Having thus satisfied myself on the first two stages identified by Longmore LJ in Ex p The Telegraph, I return to the value judgement required at stage three. A publicly available record of the court’s full reasoned judgment is a key aspect of the open justice principle, and I accept that is all the more so where serious allegations have been made against a public body such as the defendant. In this instance, there is a difficult balance to be struck in determining whether the degree of risk contemplated should be regarded as tolerable in the sense of being “the lesser of two evils”.
Put (as the claimants have sought to do) as an “all or nothing” choice, I am not persuaded that the balance would tip in favour of a RRO covering the Judgment in its entirety. That would mean that the explanation for rejecting these claims would remain unknown for a long time, notwithstanding the fact that much of the reasoning stands independently of the Findings the claimants have identified. It would further mean that findings in favour of the defendant – absolving it (and its chief executive) from many of the allegations made – would not be available, notwithstanding the very strong public interest in this regard. In these circumstances, I am satisfied that a RRO limited to the Findings will meet the justice of the case. In reaching this conclusion, I do not accept the suggestion that this will give rise to a risk of prejudicial speculation. Although the Findings are a necessary and important part of the Judgment given the way the claimants’ case was advanced, the objective nature of the tests applicable to the claims in these proceedings means that the essential reasons for the decision will be apparent even if publication of the Findings is further postponed. Furthermore, I do not accept the suggestion that this causes any unfairness to the claimants: a RRO that postpones reporting on the Findings avoids any need for the claimants to “explain” or “comment” in respect of those points; otherwise, of course, it will be open to them to “explain” or “comment” on the Judgment, just as it will be for anyone else to do so – that is, after all, an inevitable consequence of the open justice principle.
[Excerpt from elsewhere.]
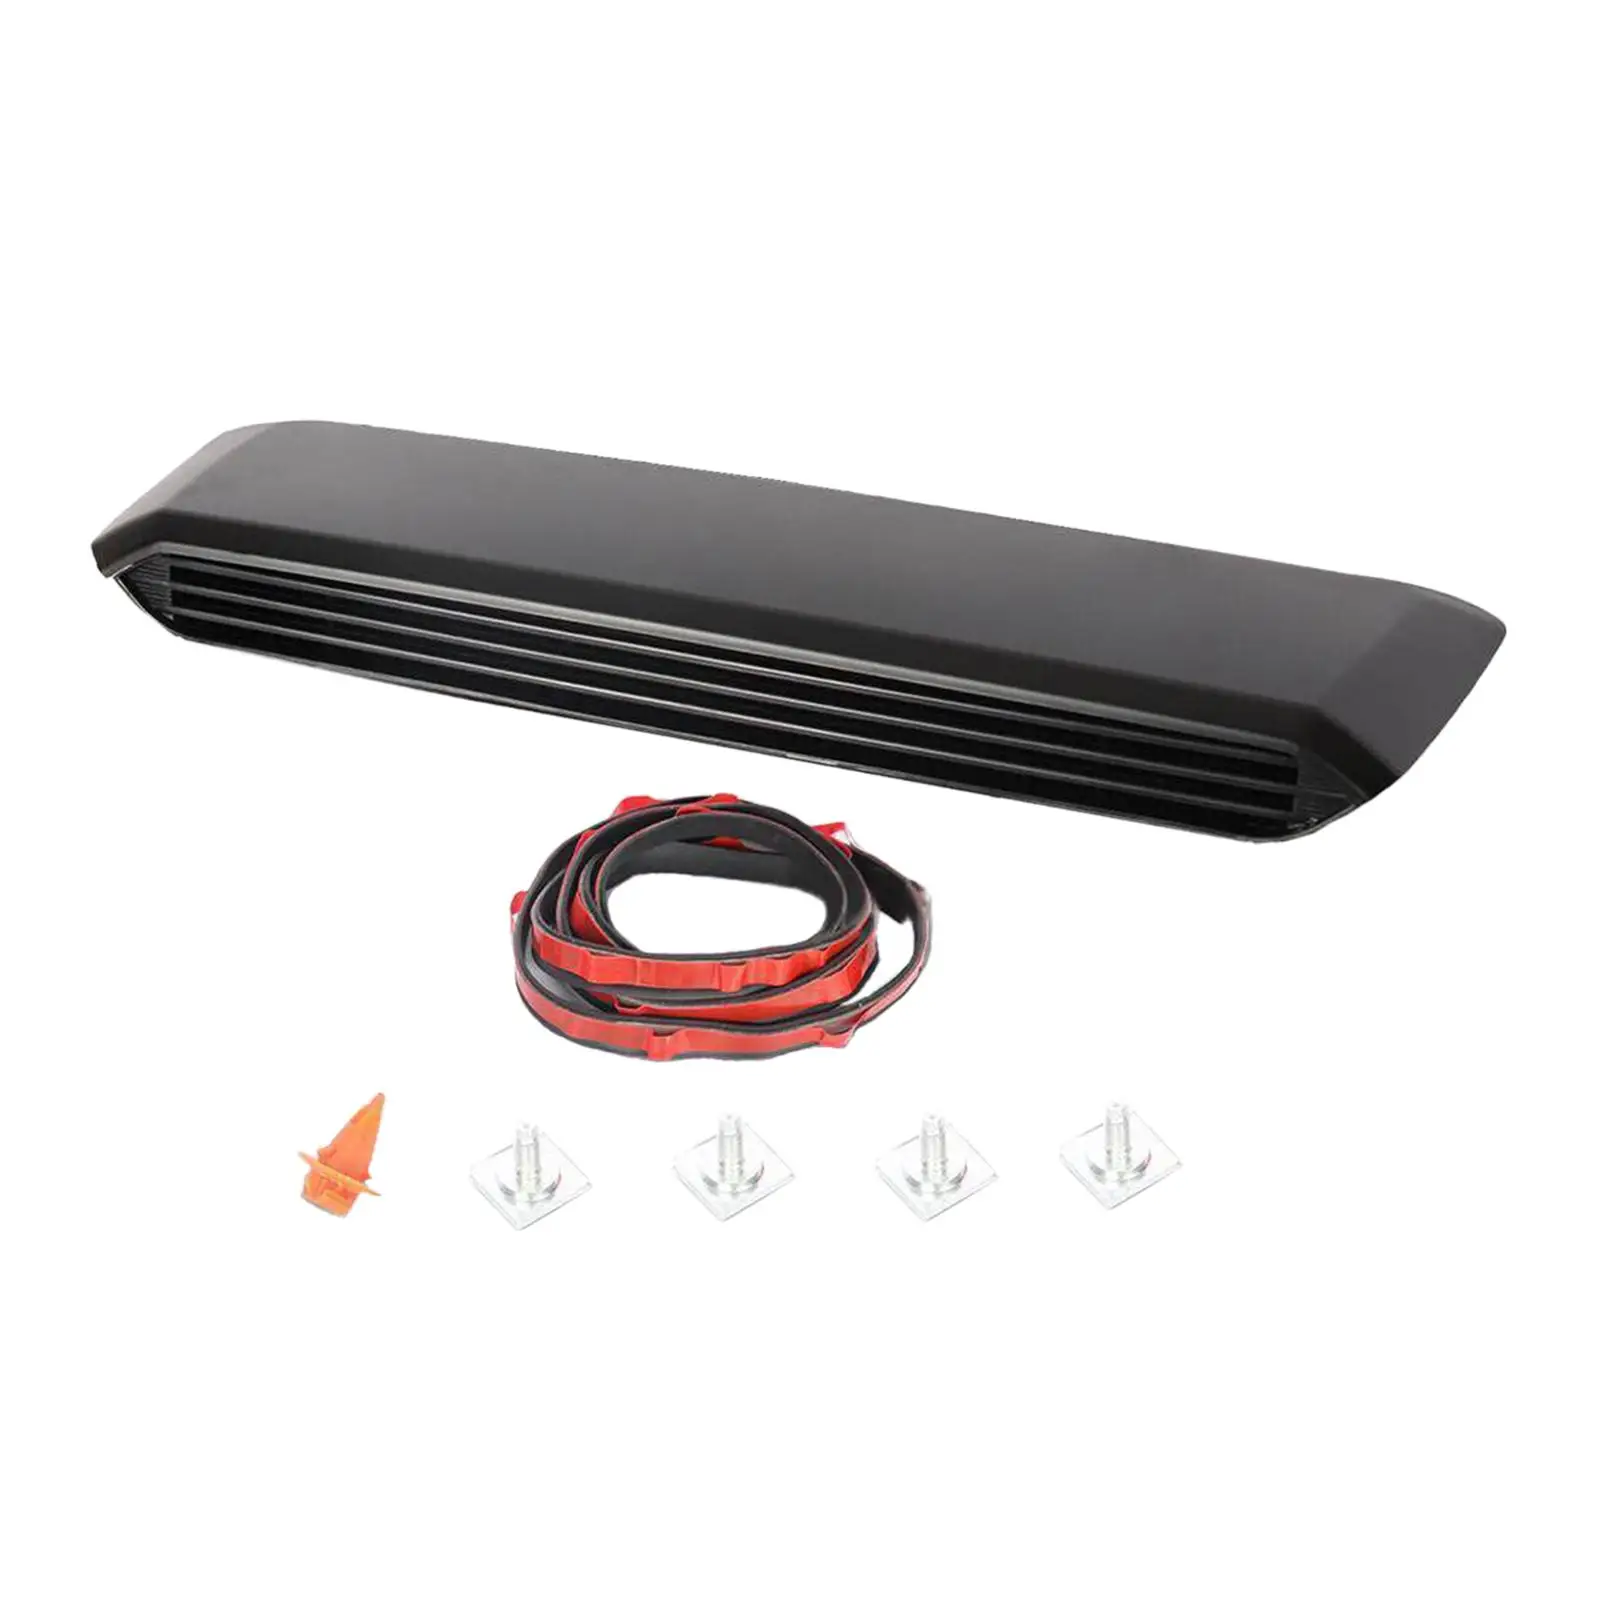 76181-04900, Hood Scoop Kit, Easy to Install, Spare Parts, Premium Car Accessories Replaces

I therefore allow the claimants’ application for a RRO to the limited extent of postponing the reporting of the Findings they have identified. An open version of the Judgment will duly be published, that, along with those passages that have already been identified as being subject to Hill J’s RRO, will remove the Findings. Given the need to also ensure that this judgment – relating to the RRO itself – does not set out findings that are otherwise covered by the RRO I have made, such findings will be removed from the published version of this judgment and reporting of the full reasoning will similarly be postponed until the return of the last verdict in the Criminal Proceedings.